How do you use the Squeeze Theorem to find #lim (1-cos(x))/x# as x approaches zero?

1 Answer
Sep 24, 2015

The usual procedure is to use the squeeze theorem (and some geometry/trigonometry) to prove that #lim_(xrarr0)sinx/x=1#

Then use that result together with #(1-cosx)/x = sin^2x/x(1+cosx) = sinx/x sinx/(1+cosx)# along with continuity of sine and cosine at #0# to get
#lim_(xrarr0)sinx/x sinx/(1+cosx) = 1 * 0/2 =0#.

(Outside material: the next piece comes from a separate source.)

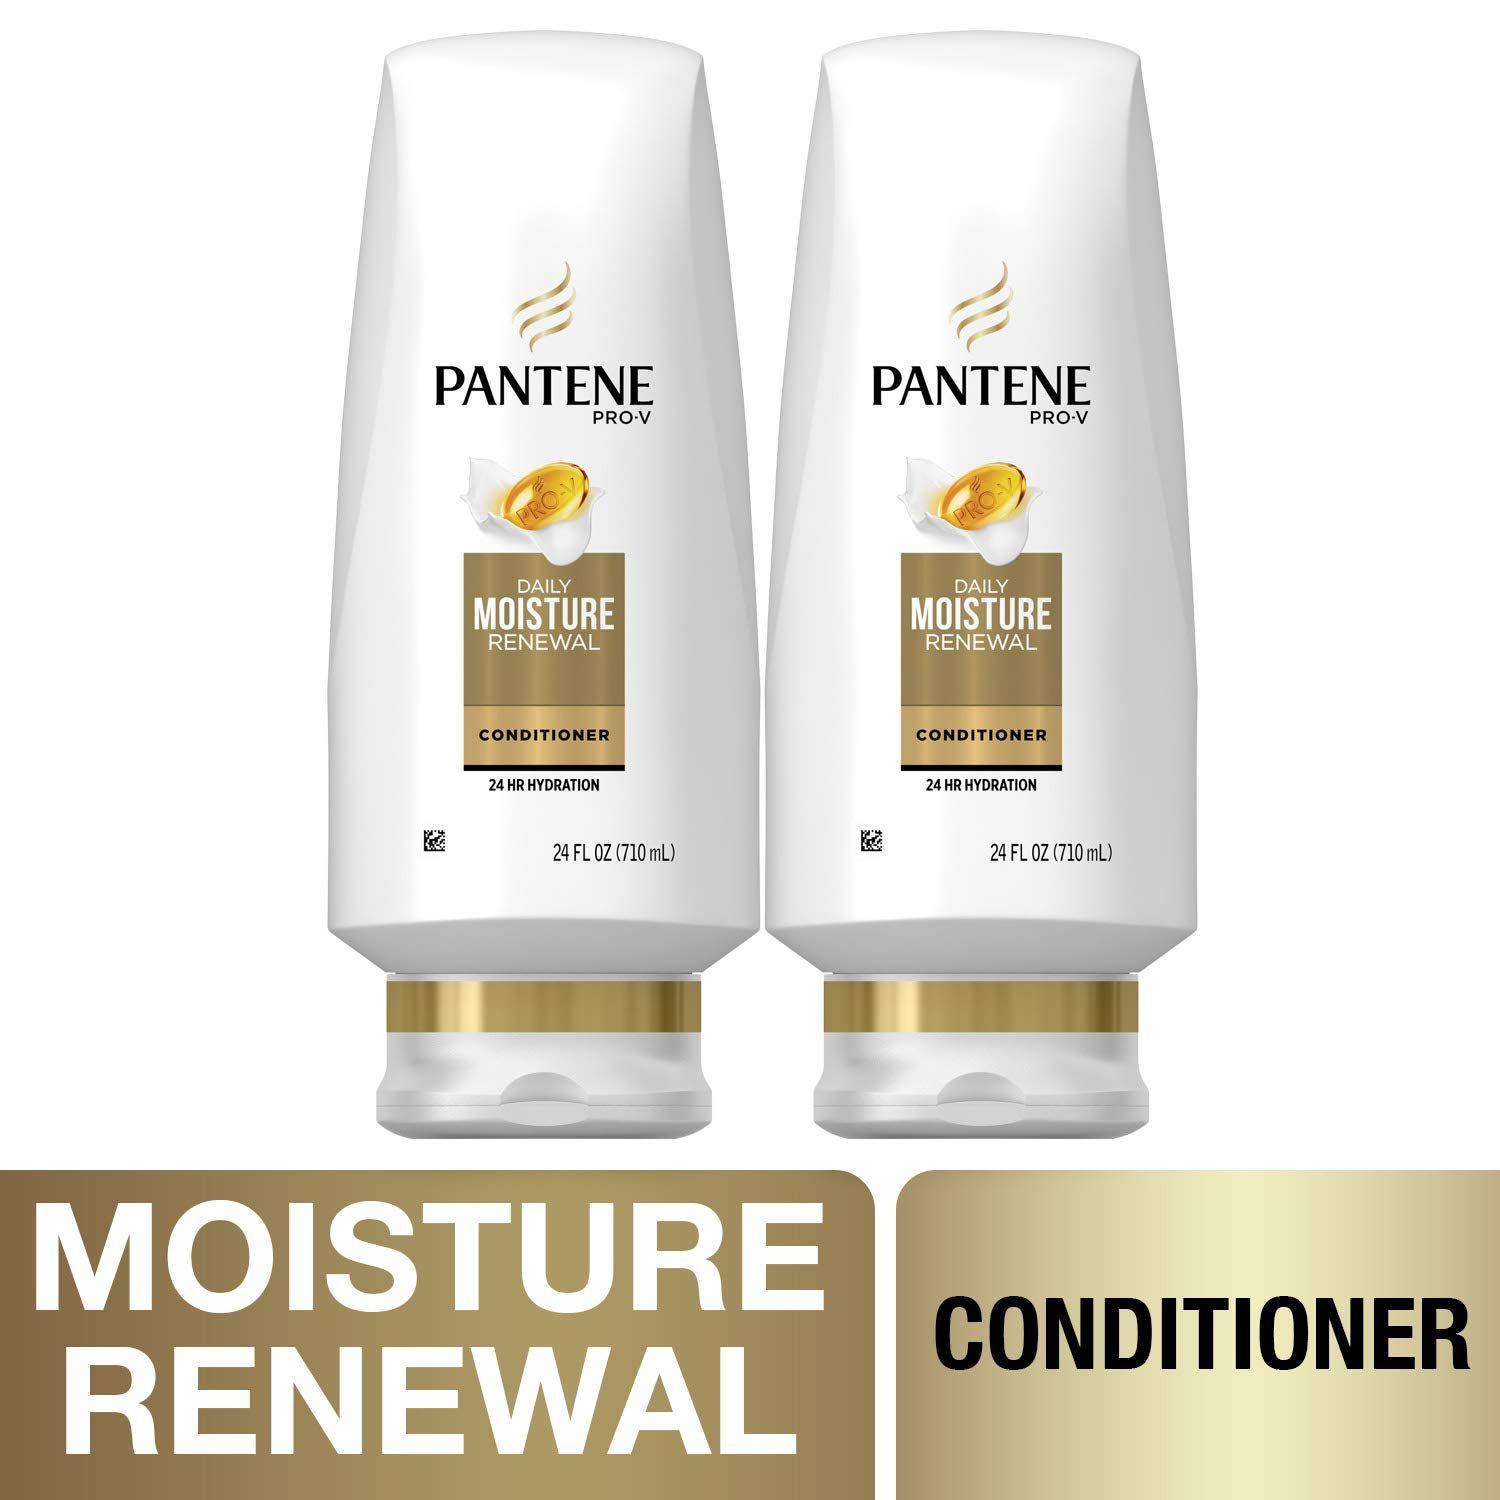 Pantene Logo - Amazon.com: Pantene, Conditioner, Pro-V Daily Moisture Renewal for ...

So we can use the same geometric arguments to get the same bounds on sinx/x for small positive #x#:

#cosx < sinx/x < 1#

And for small positive #x#, we have #sinx/(1+cosx) > 0#, so we can multiply without changing the inequalities:

#cosx sinx/(1+cosx) < sinx/x sinx/(1+cosx) < sinx/(1+cosx) #

Using the trigonomtry referred to above, we can rewrite the midle expression to get

#cosx sinx/(1+cosx) < (1-cosx)/x < sinx/(1+cosx) #

Observe that

#lim_(xrarr0^+)(cosx sinx/(1+cosx)) = 1*0/2 = 0#

and

#lim_(xrarr0^+)sinx/(1+cosx) = 0/2=0#

So, by the squeeze theorem,

#lim_(xrarr0^+)(1-cosx)/x = 0#

For small negative #x#, we keep the inequality: #cosx < sinx/x < 1#, but for these #x#, we have

#sinx/(1+cosx) < 0#, so when we multiply we do need to change the inequalities to:

#cosx sinx/(1+cosx) > (1-cosx)/x > sinx/(1+cosx) #

We can still use the squeeze theorem to get:

#lim_(xrarr0^-)(1-cosx)/x = 0#

Because the left and right limits are both #0#, the limit is #0#.

(This feels very artificial to me. Perhaps because I am more familiar with the common approach mentioned at the beginning of this answer. or perhaps because it is artificial. I don't know.)